Foucault coined the term bio power to conceive of the strategies of modern nation states to regulate human life through expert techniques. He describes the working of bio power on two levels: the ‘‘anatomo-politics of the body’’ (i.e., disciplinary power governing sexual identities and acts) and the ‘‘bio politics of the population’’ (the regulation and control of the life of the population, through statistics, eugenics, demographics, etc.). In light of the concept of bio power, sexuality can be understood as a ‘‘technology of government.’’ Since Foucault ascribes a wide range of meanings to the concept of government, he also applies it to phenomena not directly linked to political and bureaucratic processes. In its most generalized meaning, government designates the ‘‘conduct of conduct.’’ This definition does not only refer to the conduct of others, but also the regulation of our own conduct in the ‘‘relation to ourselves.’’ At this point, Foucault’s writing on sexuality conjoins with his critical work on subjectivity.
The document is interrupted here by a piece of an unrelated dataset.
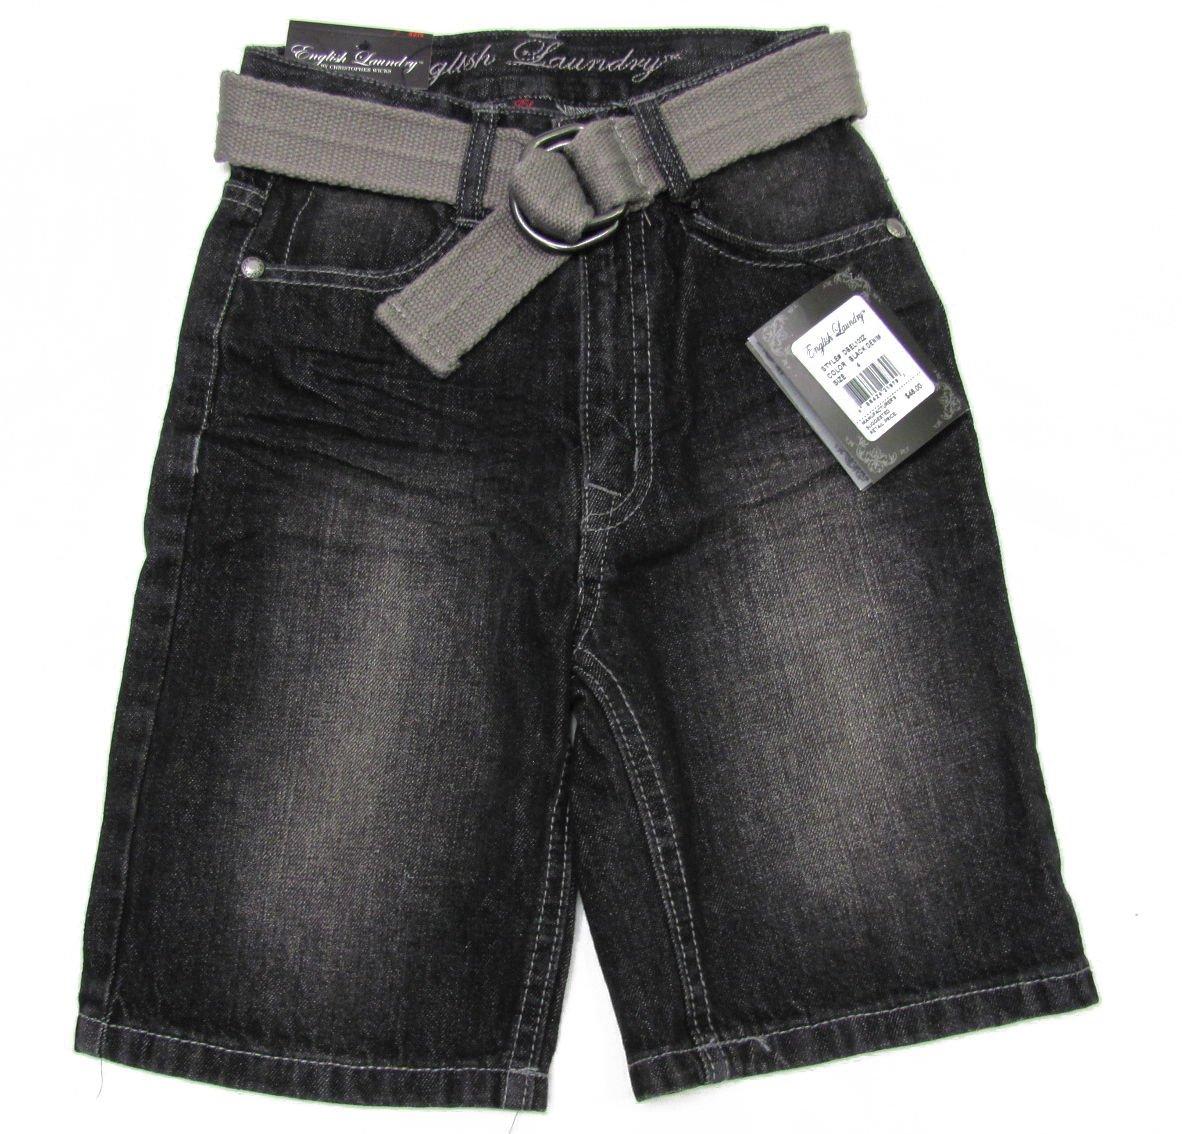 English Laundry Boys size 4 Black Jean Shorts with Belt New
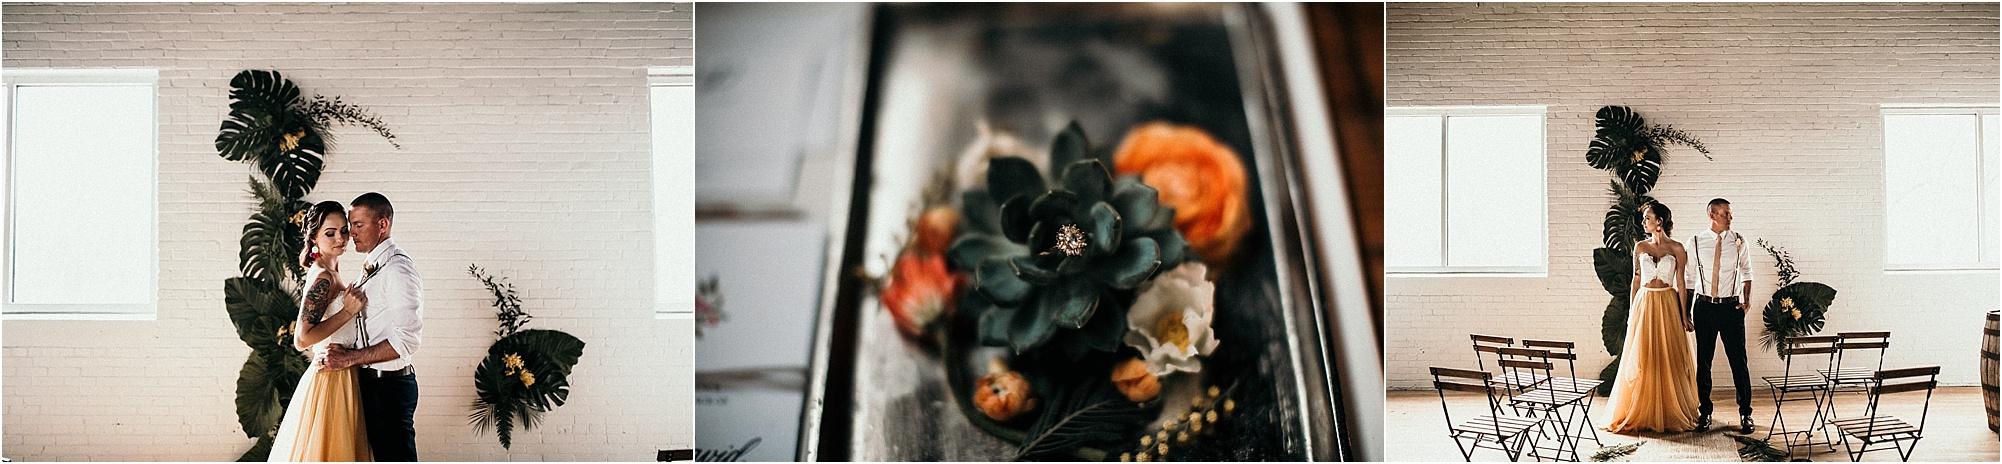 Old-South-Vintage-Rentals-Bride-avonne-photography_0013.jpg

While Foucault’s work on sexuality chimes in well with the historicizing and anti-essentialist arguments advanced within social constructionist scholarship, it also points beyond it. His method of critical genealogy opens up a set of new and different questions aiming to explore the (historical) context of the emergence of certain social and sexual phenomena. In that he conceives of the sexual subject as an effect of discourse and power his work further contains an anti-identitarian element that has fueled the deconstructive endeavor of recent queer theorizing (Halperin 1995).
The pathbreaking influence of Foucault’s thought notwithstanding, a range of criticisms has been leveled against his work on sexuality. Although being primarily concerned with the complexity of power, he failed to address the centrality of gender and race to the bio politics he studied. Some have further complained that his thesis of the ubiquity of power would not be helpful to theorize agency or resistance and that his claim that ‘‘there is no relation of power without resistance’’ would at best be tautological. Foucault tried to address the latter issue in his work on ethics in volumes 2 and 3 of The History of Sexuality. Here he claims that the imperative within classical Greek ethics to ‘‘take care of yourself’’ would bear the potential for a non-prohibitive ethics based on the ‘‘techniques of self-stylization’’ or an ‘‘aesthetics of existence.’’ Foucault labels these practices alternately ‘‘practices of freedom’’ or the ‘‘government of self.’’ It is an issue of contention in how far this work stands in an unbridgeable tension with his earlier claims. A high degree of ambivalence certainly remains.